A closer examination of the NFκB-suppressive activity of tocotrienols revealed a more fundamental biological activity of tocotrienols; NFκB suppression may be a secondary effect of tocotrienolmediated down-regulation of another biochemical pathway that is ubiquitous in virtually all eukaryotic cells: the mevalonate pathway [15]. The mevalonate pathway operating in sterologenic tissues provides - in addition to cholesterol that is an essential component of cell membrane and a precursor to vitamin D, bile acids and steroid hormones-essential intermediates including farnesyl- and geranylgeranyl- pyrophosphates for the post-translational prenylation of growth-related proteins such as Ras and nuclear lamins and N-linked glycosylation of insulin-like growth factor receptor I. Most importantly, prenylated Ras activates NFκB [16].

The rate-limiting enzyme in the mevalonate pathway, 3-hydroxy- 3-methylglutaryl coenzyme A (HMG CoA) reductase, is under a multivalent regulation consisting of sterol-mediated transcriptional feedback inhibition and a non-sterol-mediated post-transcriptional down-regulation. Tocotrienols suppress HMG CoA reductase at both transcriptional and post-transcriptional levels [17] and consequently, deplete the pool of prenyl pyrophosphates required for the prenylation of Ras and inactivate NFκB. Ahn et al. showed that tocotrienol-mediated ablation of NFκB activity was reversed by supplemental mevalonate, the product of the reaction catalyzed by HMG CoA reductase [15], establishing mevalonate deprivation as the primary cause for NFκB inactivation.

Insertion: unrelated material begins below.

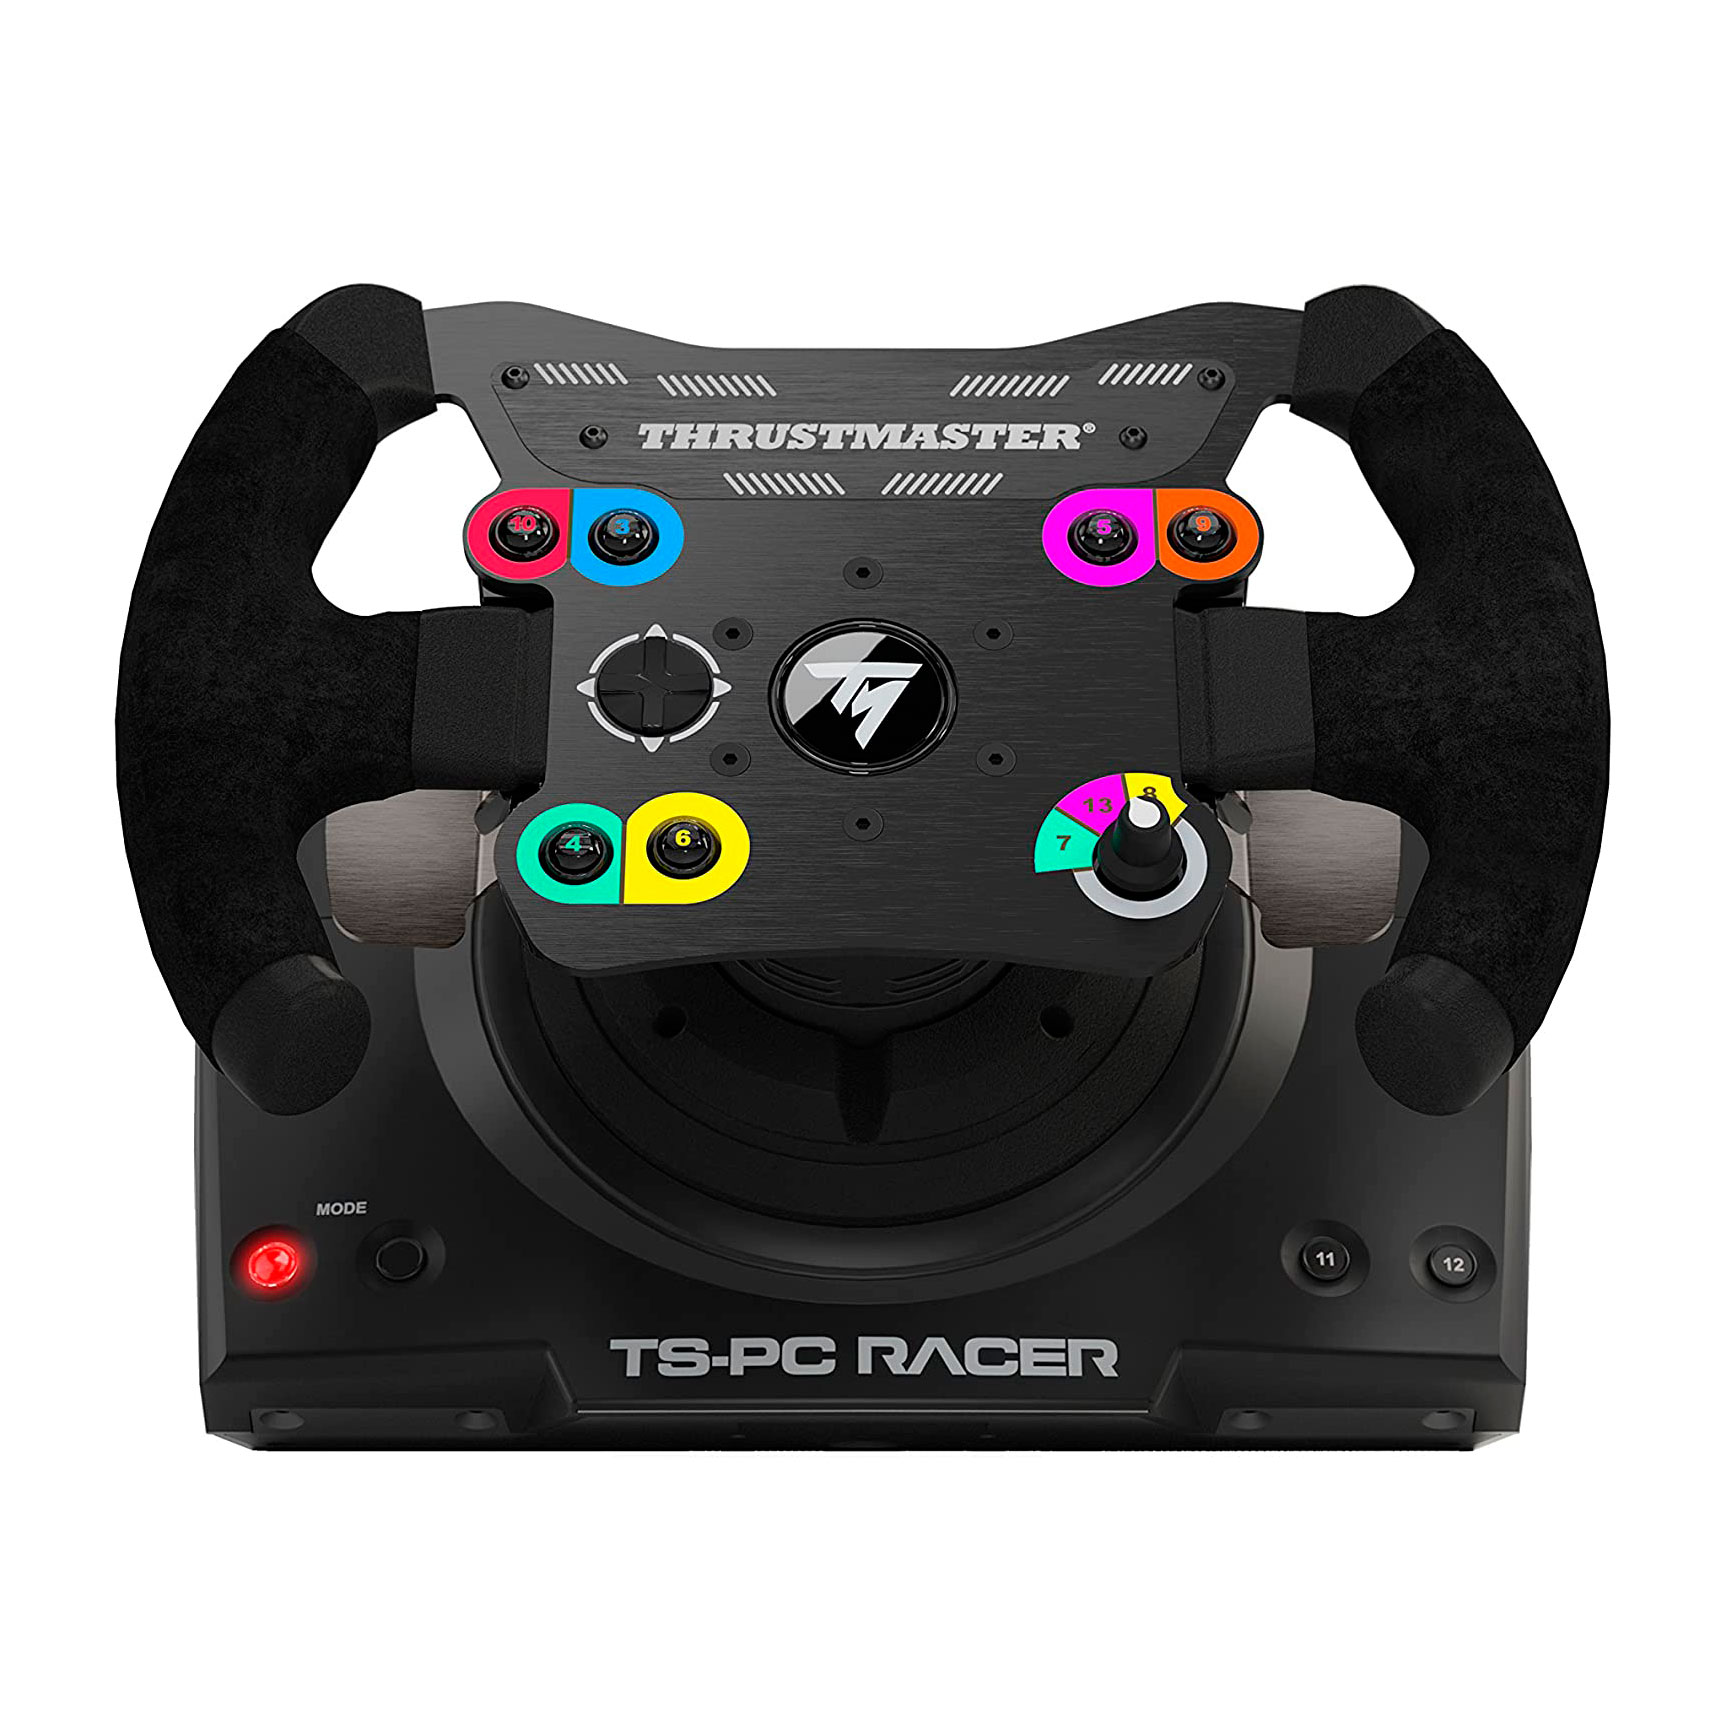 Руль Thrustmaster TS-PC Racer, черный руль thrustmaster t248x черный

Tocotrienols may represent a broad class of isoprenoids encompassing approximately 23,000 mevalonate-derived end-products of plant secondary metabolism. Isoprenoids can be classified based on the number of isoprene units they contain, e.g. monoterpene (2x), sesquiterpene (3x), diterpene (4x), triterpene (6x) and polyterpene (Nx) [18]. In addition to these “pure” isoprenoids, the “mixed” isoprenoids including the tocotrienols have non-mevalonate-derived moieties. Assorted isoprenoids have a wide spectrum of functions in the plant kingdom, ranging from growth regulation to insect attraction, pollination assistance, and pest resistance. Fruits, vegetables and grains are the main sources of dietary isoprenoids.

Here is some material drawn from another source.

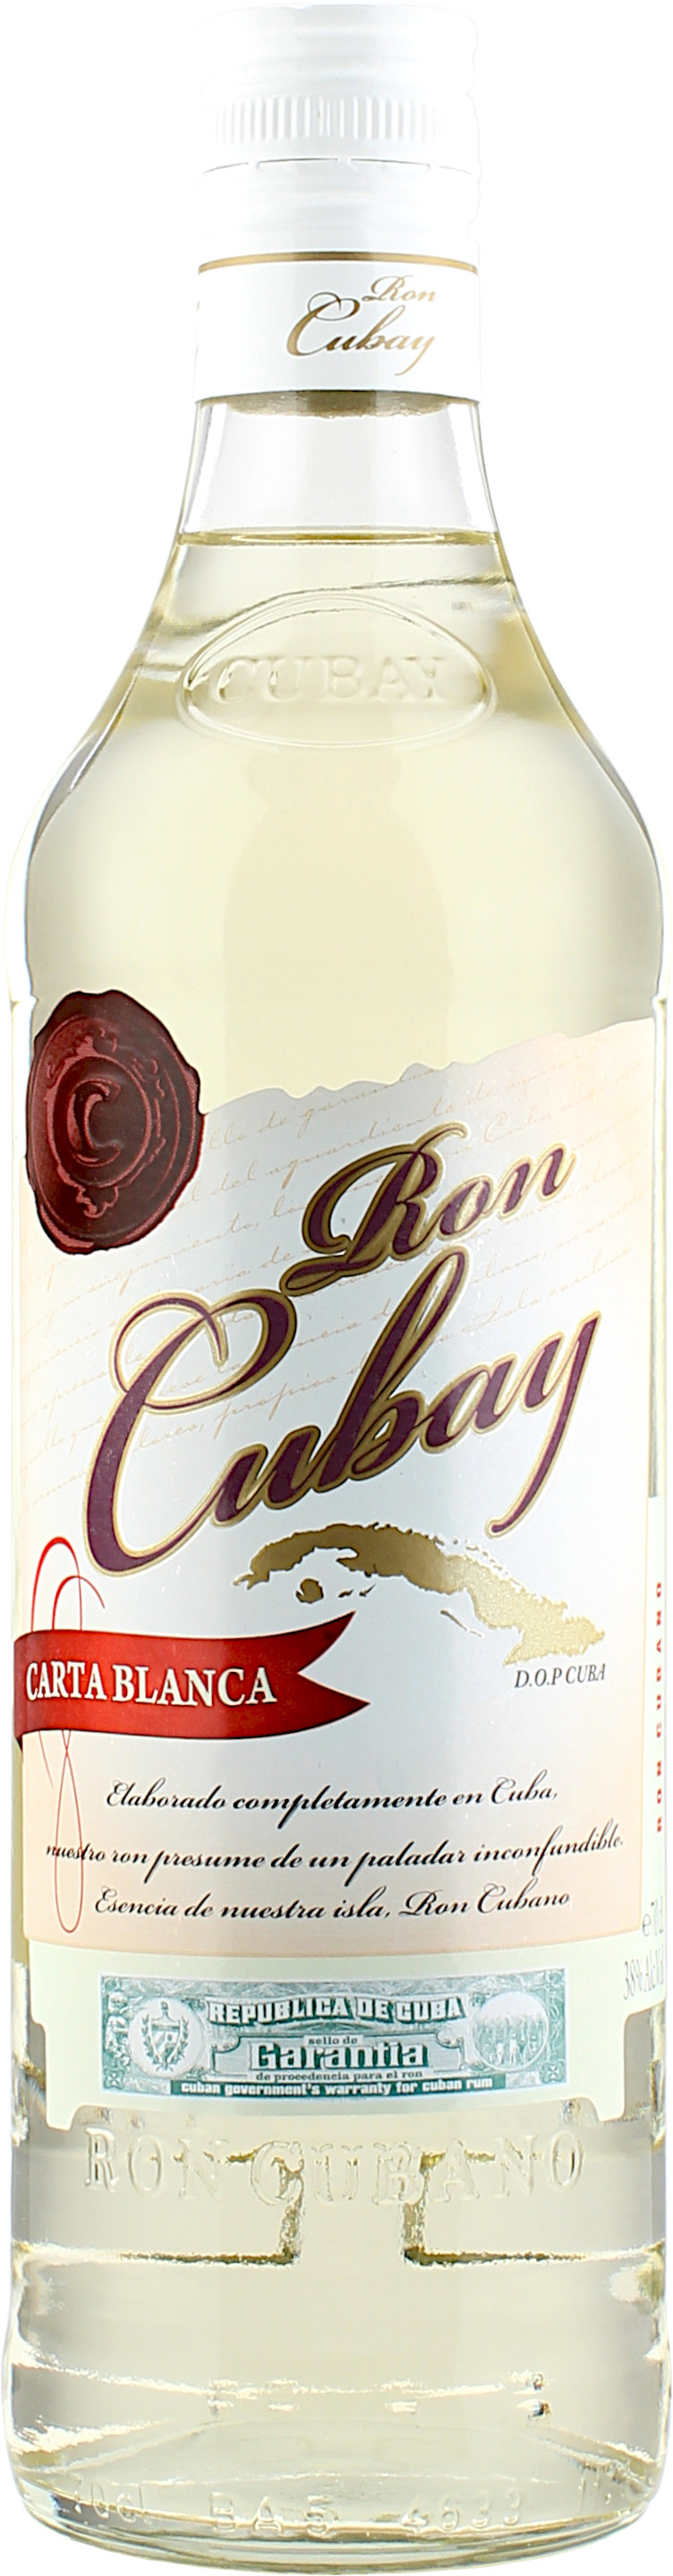 Ron Cubay Carta Blanca 38.0% 0,7l

The HMG CoA reductase-suppressive activity is extensively observed among isoprenoids [19]. It is therefore no coincidence that a number of isoprenoids under investigation also suppress NFκB activity. The monoterpene limonene inhibited NFκB activation in human HL60 clone 15 leukemia cells [20] while an oxidative product of limonene, perillyl alcohol, suppressed NFκB in B-lymphoma cells [21]. A third monoterpene, geraniol, suppressed 12-O-tetradecanoyl phorbol-13-acetate (TPA)-induced inflammatory responses and upregulation of NFκB and COX-2 in mice [22]. A sesquiterpene β-ionone inhibited tumor necrosis factor-related apoptosis-inducing ligand (TRAIL)-induced NFκB activation in human HepB3 and HepG2 hepatocellular carcinoma cells [23]. Various sesquiterpene lactones blocked NFκB activity [24]. Diterpene coronarin D suppressed NFκB activation in human KBM-5 chronic myeloid leukemia and A293 embryonic kidney carcinoma cells [25]. Garcinol, a polyisoprenylated benzophenone, inhibited the activation of NFκB in human BxPC-3 and Panc-1 pancreatic cancer cells [26] and squamous cell carcinoma of the head and neck [27]. Lastly, a triterpene lupeol suppressed TPAinduced activation of NFκB in CD-1 mice [28].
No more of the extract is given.